ACI Updates Corporate Accountability Reforms Comparison
KPMG's Audit Committee Institute (ACI) has updated as of March 31,
2004, a side-by-side comparison of select elements of the Sarbanes-Oxley
Act of 2002 and the NYSE, NASDAQ, and Amex stock exchange corporate governance
listing standards approved by the Securities and Exchange Commission
in November / December 2003. This summary of select elements is meant
to provide high-level overview of elements of the new requirements that
impact audit committees and reflects the status of these issues. The
comparison was distributed at the Spring 2004 Audit Committee Roundtable
series.
GAO Study on the Potential Effects of Mandatory Audit Firm Rotation
The Sarbanes-Oxley Act of 2002 (the Act) required the United States
General Accounting Office (GAO) to study the potential effects of requiring
rotation of the public accounting firms that audit public companies registered
with the Securities and Exchange Commission (SEC).

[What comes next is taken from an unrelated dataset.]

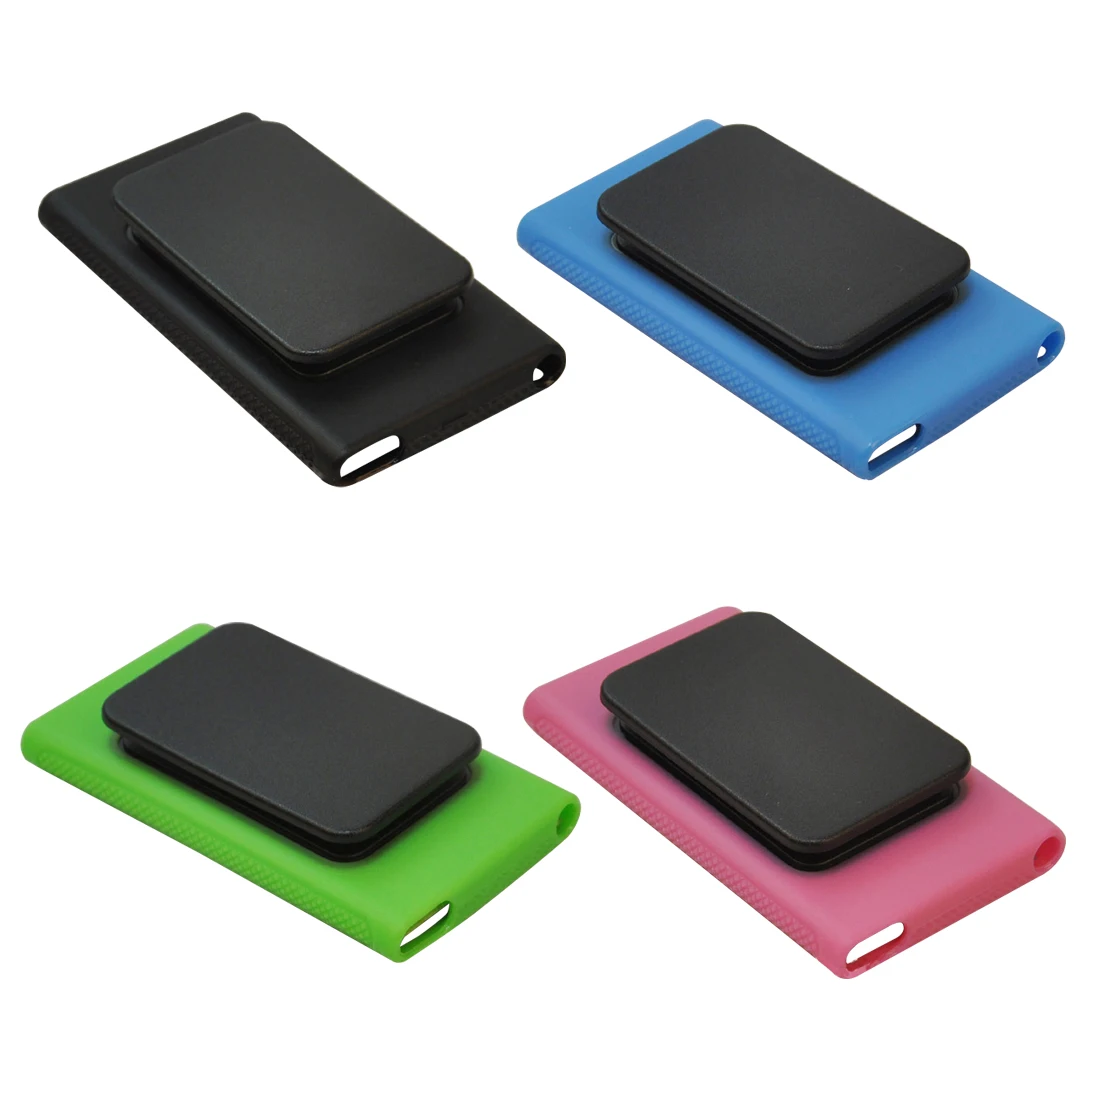 Etmakit карамельный цвет Тонкий Мягкий ТПУ силиконовый резиновый Кожаный чехол Чехол Держатель клип для iPod Nano 7 чехол с защитой экрана

The required GAO study, issued in November 2003, states that mandatory audit
firm rotation “may not be the most efficient way to strengthen auditor
independence and improve audit quality considering the additional financial
costs and the loss of institutional knowledge of the public company's previous
auditor of record, as well as the current reforms being implemented.”
The GAO recommended that the SEC and the Public Company Accounting
Oversight Board closely monitor and evaluate the effectiveness
of the reforms under the
Sarbanes-Oxley Act for enhancing auditor independence and audit quality.